Новые времена! Ещё десять лет назад товарищи по партии осудили бы Виктора Геннадьевича за аморальное поведение и разложение личности, но в восемьдесят девятом никто не думал возвращаться к пережиткам доперестроечной эпохи.

Появление внебрачного ребенка мужа не только развязало Черновой руки, но и спустя несколько лет после разъезда даровало свободу. Ёлка никогда не думала, что клочок бумаги под названием «свидетельство о расторжении брака» подарит ей столько радости. Она бы не собиралась обременять себя чем-то, кроме каждодневного умственного труда, если бы появление потерянного Рафаловича не поставило её перед выбором: отпустить или крепче завязать? Но всё равно поймает, и при удобном случае надерет хвост. Поминай, как звали твою строптивость и неуживчивый характер!

С возрастом к Черновой пришло острое понимание, что ей слишком часто приходилось терять близких. Она бы просто не смогла снова перенести разлуку с Рафаловичем, как в семьдесят третьем, и, наверное, и поэтому простила того, кого не переставала любить все эти годы. И не думала, что делает неверный шаг, необдуманный и скорый, как выходя замуж за функционера Чернова. Елена долго шла к принятию своей новой реальности, и, сидя за обеденным столом, имеет право улыбаться, зная, что мимика её лица не будет фальшивой.

Тем временем Рафалович балагурил, вернувшись к незатейливому расспросу молодежи о делах в столице, и при каждом удобном случае травя байки про свою флотскую жизнь. Не забывал он и собственные анекдоты, прямо или косвенно касающиеся пятой графы в его паспорте. На сорок третьем году жизни он наконец-то нашел свою истинную аудиторию, а не каких-то пришибленных комсомольцев, которым по долгу деятельности приходилось рассказывать о переменах и перспективах нового экономического курса.

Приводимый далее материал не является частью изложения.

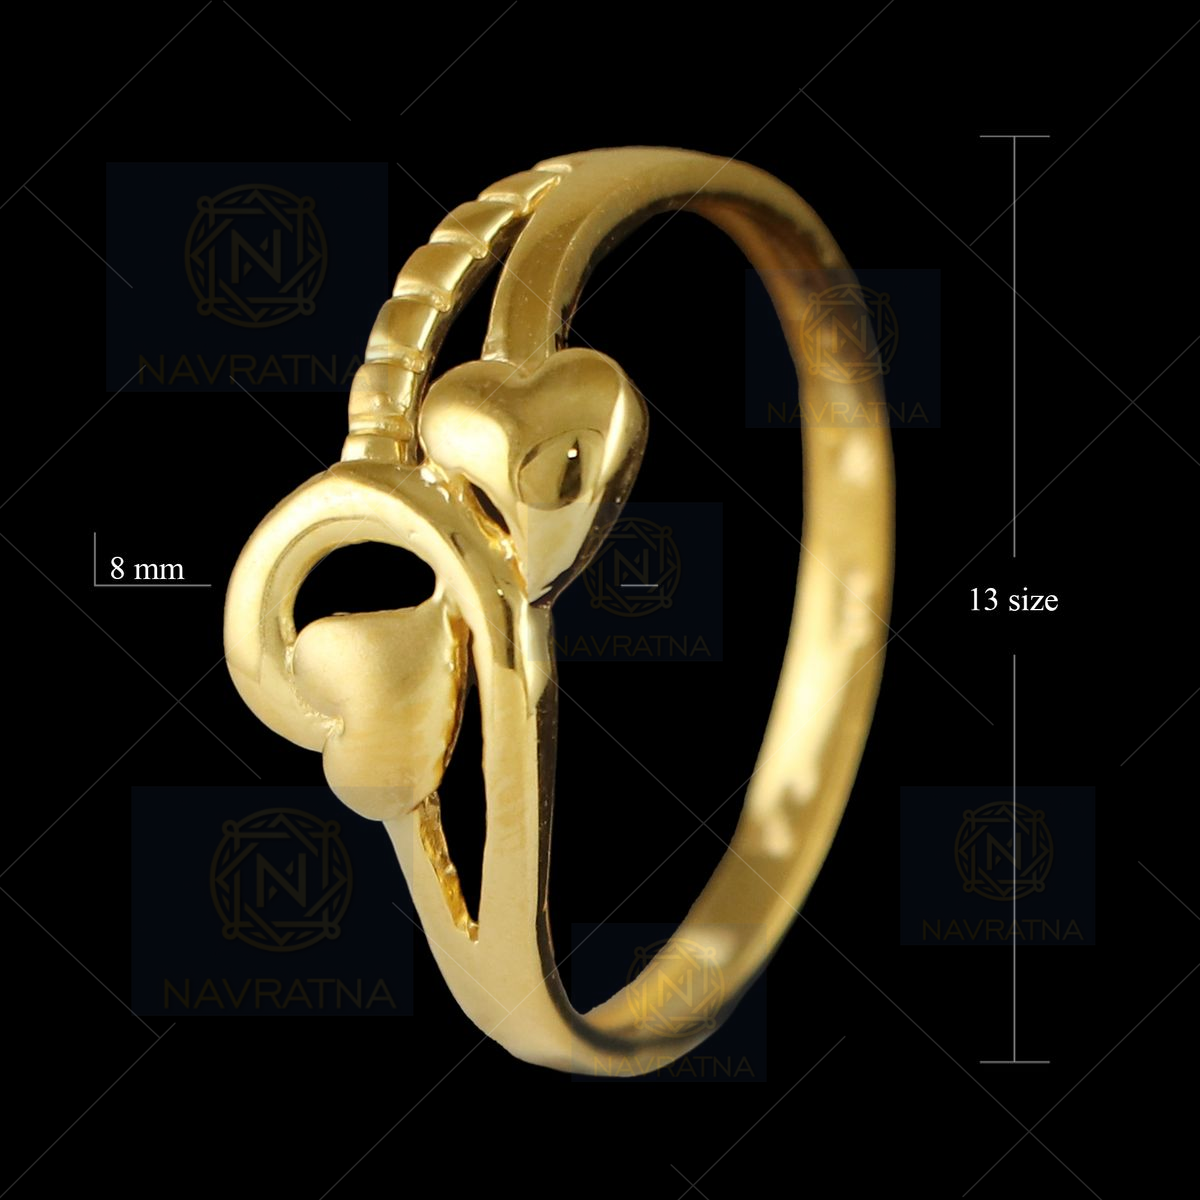 Buy 7clouds Premium Collection Real पुखराज की अंगूठी AAA+++ Rated श्रीलंकन  येलो सफायर पुखराज रत्न ओरिजिनल रिंग Yellow Sapphire Ring Original Certified  By Lab 18Kt Kanaka Pushya Raga Stone Yellow Gold Ring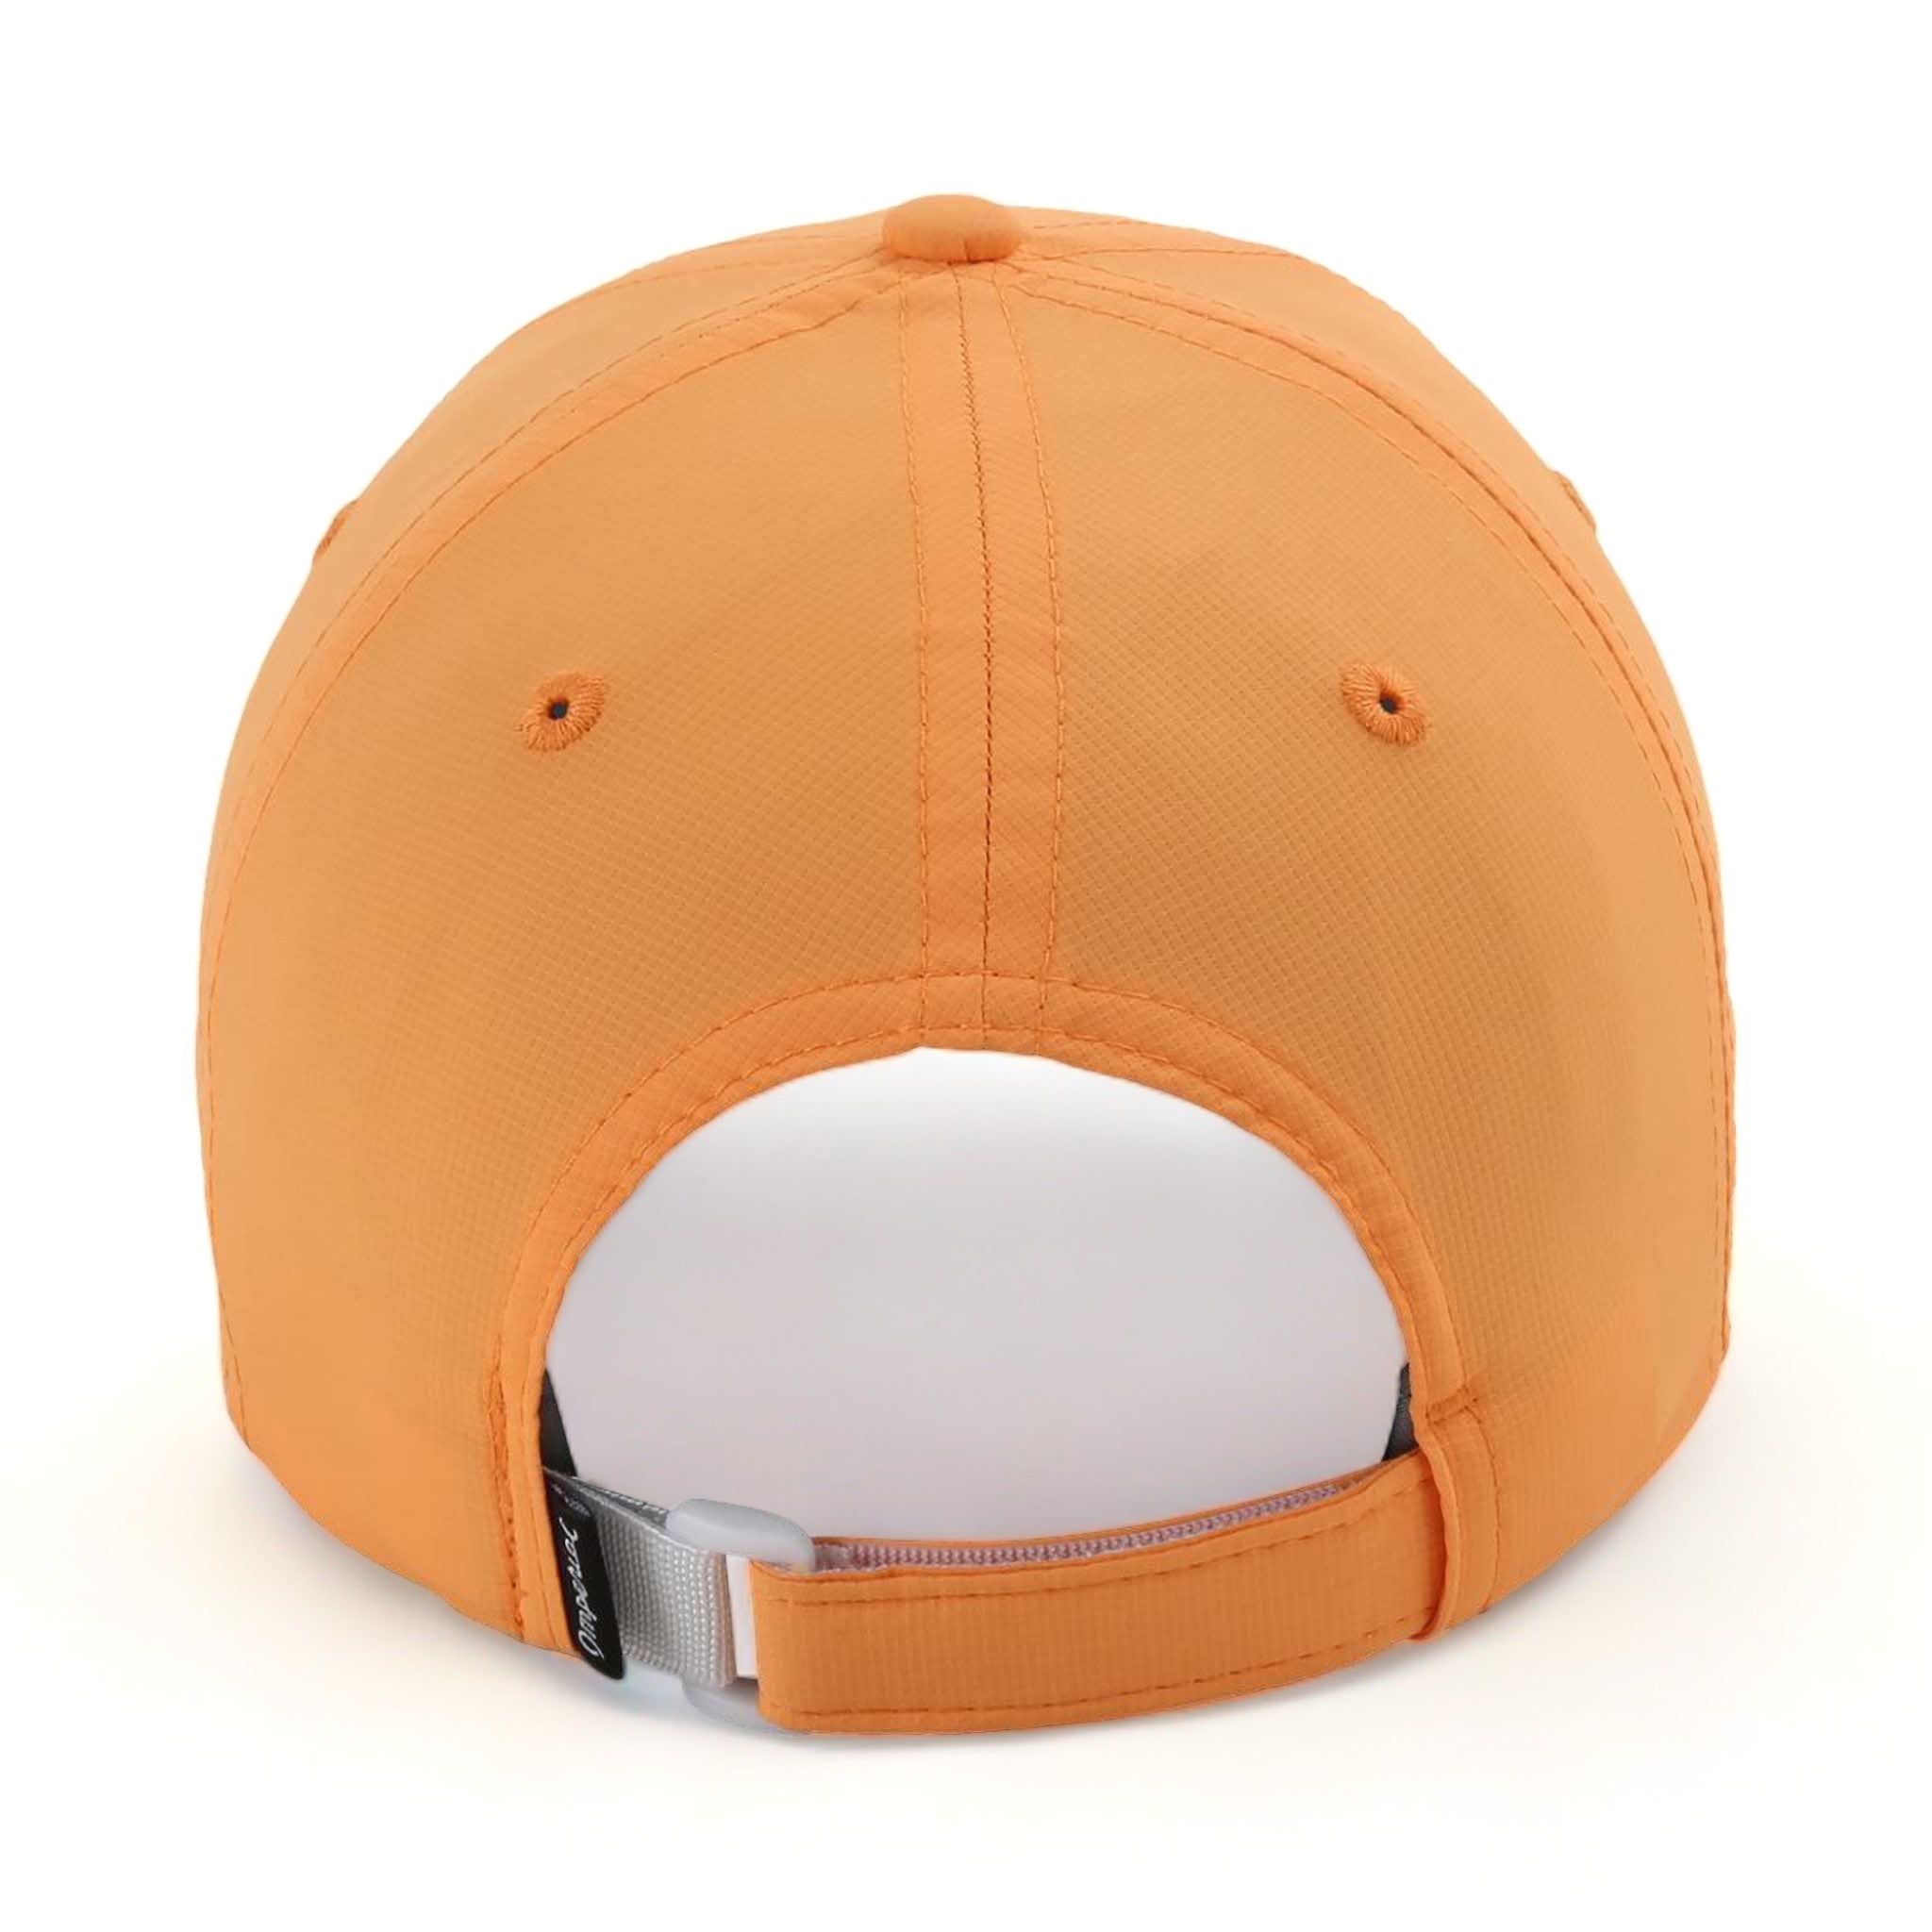 Back view of Imperial X210P custom hat in melon orange

По виду Космоса и Пчёлы, их возрасту и возможностям он предполагал и был уверен, что их занятия далеки от присказок Ёлки про кооператоров и коммерсантов, но все мы на чем-то поднимались… И поэтому Рафалович, держа хорошую мину, и покручивая в ладони выкуренную пачку драгоценного «Беломорканала», чувствовал себя в своей тарелке. Эти, по крайней мере, знали, когда нужно смеяться — реакция хорошая, что похвально…

— А вот, про свадьбу, кстати, Космос, обрати внимание! — Ёлка и Лиза не без удивления переглядываются, видя, как Холмогоров меняется в лице, приготовившись услышать совет о том, как не опьянеть раньше, чем после десятого тоста. — В еврейской семье, когда дочь замуж выдают, знаешь, как происходит все? Знаешь, астронавт ты наш?

— Таки если бы Лизка из ваших была, то я бы там, стопудово не откупился, — не ведающий чьих-то национальных традиций Космос только поводит плечами, одновременно выхватывая из блюдца Лизы обломок печенья, — а пришлось бы по-абрековски — воровать, сразу.

— Лёня! Ну что ты, а? Опять мозги пудрит, и ладно бы только мне, он за парня взялся! — Чернова толкает грузную фигуру бывшего офицера в бок, пытаясь остановить этот фонтан еврейской мудрости. — Не напугай мальчика своими бреднями про дядю Моню и тётю Сару, ему оно не надо.

— Ну, короче, шмон такой, слушайте, пока Елена Владимировна моя вас не покусала! Как говорят у нас в Одессе. Ты просишь руки нашей Софочки, а смогешь ли, Мойша, семью содержать? Да? Точно надумал, нас же ведь шесть человек! Вот и ты, Космос! Надумал? А то у нас — та же ситуация… Шесть морд, и все жрать хотят!

— Дядя Лёня, поверьте, он к нам привык, — со стороны невесты на свадьбе шесть человек: считая Лизу, виновницу торжества и счастливую будущую жену, — почти восемь лет мучений со мной, и четырнадцать Витей! Они с первого класса вместе…

— Шесть человек меня теперь точно не остановят, — Кос с теплотой в синем взгляде смотрит на просветленное лицо Лизы, и не без гордости замечает, бросая камень в огород Пчёлкина. — Вот у этого жука кишка тонка оказалась, а пыхтел и разводил в стороны, брательник.

— И бедная Лиза чуть не сошла с ума, — с тоской в мягком голосе вспомнила Лиза, пытаясь в очередной раз донести до брата, что он был не прав. — Но откуда мне знать, может, Витя просто хотел пожалеть Космоса, и это мужская солидарность, ведь знает же меня, терпел, особенно когда голодный ходил…

— Я вспомню все упреки, когда ваши дети придут за положенной долей в наследстве. И расскажу им всё про их непутевого папашку. И мамке, кстати, тоже достанется, — Пчёла совершенно флегматично отвечает другу, пытаясь не вестись на его подколы. Открыв перед Рафаловичем пачку любимого «Самца», Витя предложил сменить систему координат, потому что долго в домашней обстановке высиживать не мог. — Ёлка Владимировна будет не против, если мы втроем совершим променад на проспект Калинина? Верну всех целыми и невредимыми!

— Про завещание тебе думать рановато. Иди, гуляй! Но не приноси мне сюрпризов, мне пока одной свадьбы хватит, вторую не выдержу… — Чернова и рада остаться наедине с племянницей, наверняка зная, что Лизе нужно многое ей сказать. — Но ровно в двенадцать добрая хвойная Ёлка превращается в злобную колючку. Как фея-крестная, только в руке скалка…

— Пока машину подгоню, — Космос, коротко поцеловав Павлову в порозовевшую теплую щеку, звякнул ключами от «Линкольна», найденными в кармане черных брюк. — Не скучай, алмазная…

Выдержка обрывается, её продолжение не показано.